Nakahiga lang ako while staring and wondering about the shits going on to my life.
"When can i be happy again?, deserved ko bang mangyari to sa akin?, Does he have another girl na ba? Kaya he chose to leaved me and he reasoned na hindi nya na kaya?". I asked myself
I never complained and argue with him i loved him as much as i could, i always wait on him, i always cheered and im always on his side palagi kasi i don't want him to feel alone again like he said to me when were still not together.
He left by someone that he loves rin and he had family issues at the same time and he scared to be alone and i know the feeling of being alone. But day by day of talking each other i suddenly fell and i confessed and hindi rin sya makapaniwala kasi he always shows a motived na he likes me he even send me a video of a gameplay in mobile legend with a music of "crush na crush kita" that's kinda funny and cute.
Until we officially in a relationship. And i swore that i won't leaved him. But he's the one who leaves me ginawa nya rin naman sakin yung nangyari sa kanya noon how funny and ironic isn't?.
I feel a tear rolling to my left cheek with these thoughts a single tear suddenly become like river i covered my face. Damn it.
This life is miserable family, love, self problems goddammnit.
I stayed in bed until i decided to get off para pumasok.
I arrived at work almost 10 pm. I walked to my station and prepare my log ins sa pc.
After that i remained in my seat and stare blankly to the monitor waiting the time to strike in 11 pm.
I worked in that night with a heavy heart and i suddenly feel pressure because i received a bad f*****g survey and our supervisor coached because of that, how lucky i am.
"what happened to that call?do you know naman diba your scores will affect the whole team scores?
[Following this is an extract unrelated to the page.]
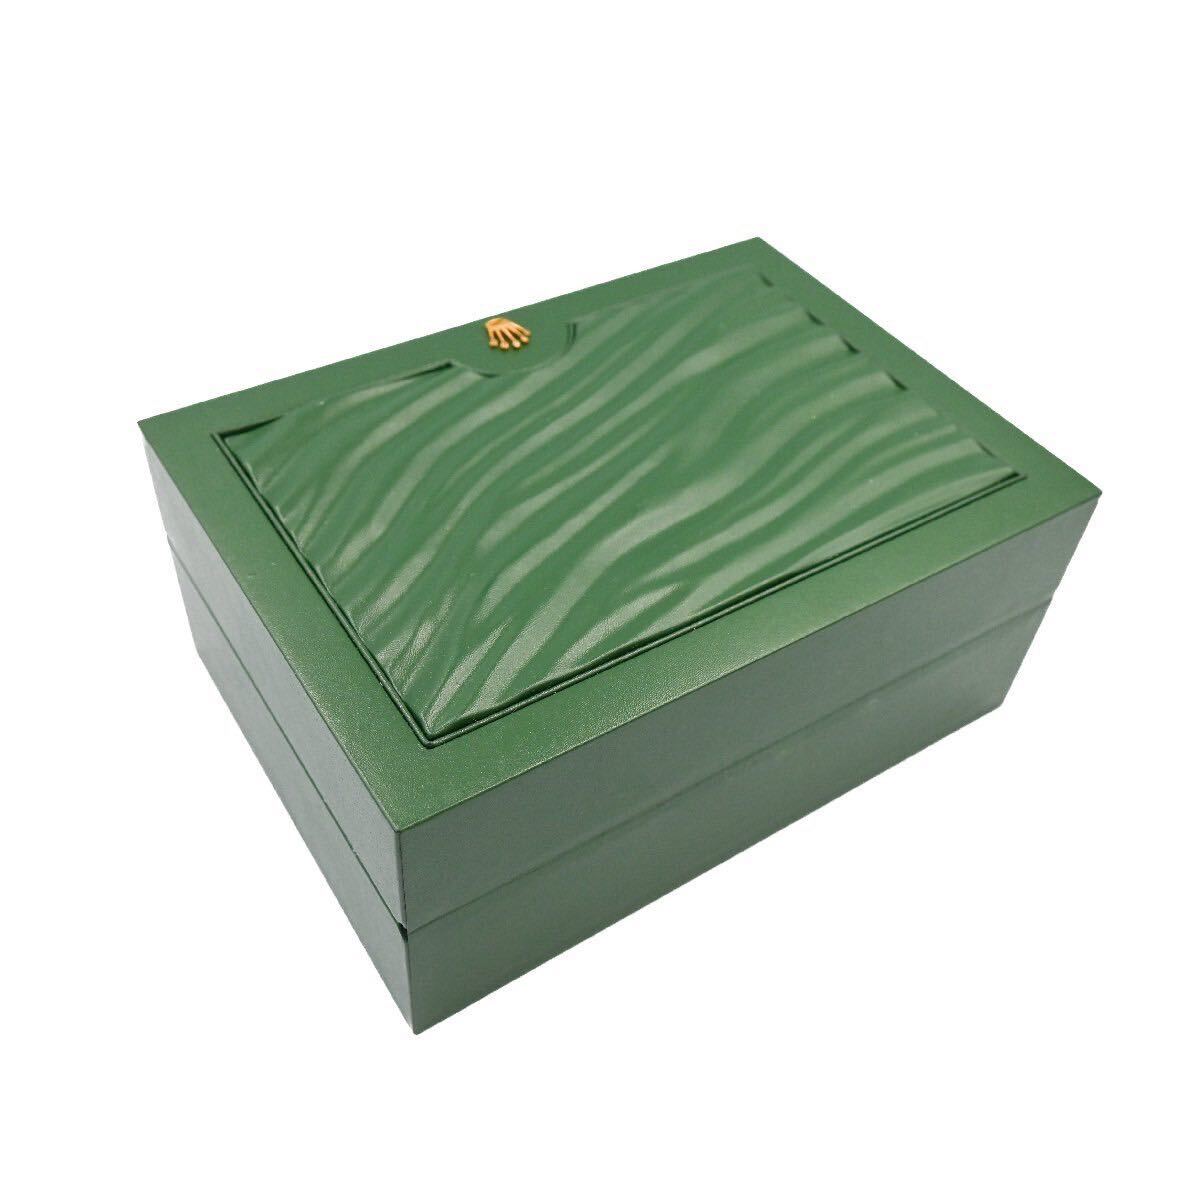 【美品】ROLEX ロレックスケース ROLEX CASE 時計用 空箱 BOX 内箱 M 外箱 31.00.64 緑 モスグリーン

Nasa bottom 3 na ang team, kailangan natimg bumawi"
"Im sorry po" i answered.
"and buti naman you've decided mag onsite ngayon"
"uhmm i need to stay out in home rin po kasi minsan i felt depressed na sa bahay" i answered
"don't let your problems affect your work. Tingnan mo na tuloy ang score mo for this month 50 % bagsak ka, ayusin mo yung trabaho mo para sa team ayoko ng makatanggap ka pa ulit ng detractor"
I nod as for the response.
I feel bad to myself lalo. After coaching i left the site i ng walang paalam can't take it anymore.
....
The silence is deafening as i walk went down to the street
I feel empty and numb, i felt lost at the moment.
I stop walking with a heave sigh and look at the sky.
Hundreds of stars glimmering in the dark sky, while moon is in the form of being Full and bright.
I suddenly wonder if i could be one of the stars at night would i feel this way again?, i guess no...
Maybe i would feel happy or neutral. hence, stars has no feelings at all they are just a heavenly bodies that glimmers in space.
I look down i hope i can join to them. It really sucks to be a human there's a lot of endless circumstances that you need to go through.
I chuckle a bit as a small tear roll down from my right eye down to my cheeks. Remembering what just happened earlier in home... In work... And to him...
I- i can't believe why this hapenning to me I've been a good person and trying to do my best, i bear all the pressures and continuing proving to them what i can do to meet their expectations but... It's still not enough.
And him... I thought... I thought he'll be the one where i can stay and hold, but... I was wrong all the time...
Tears are starting to falls like a rivers in stream again, i stop again to cover my face and sobs silently.
I'm tired of this shits. I want to rest too much pain that i bear since when i was born.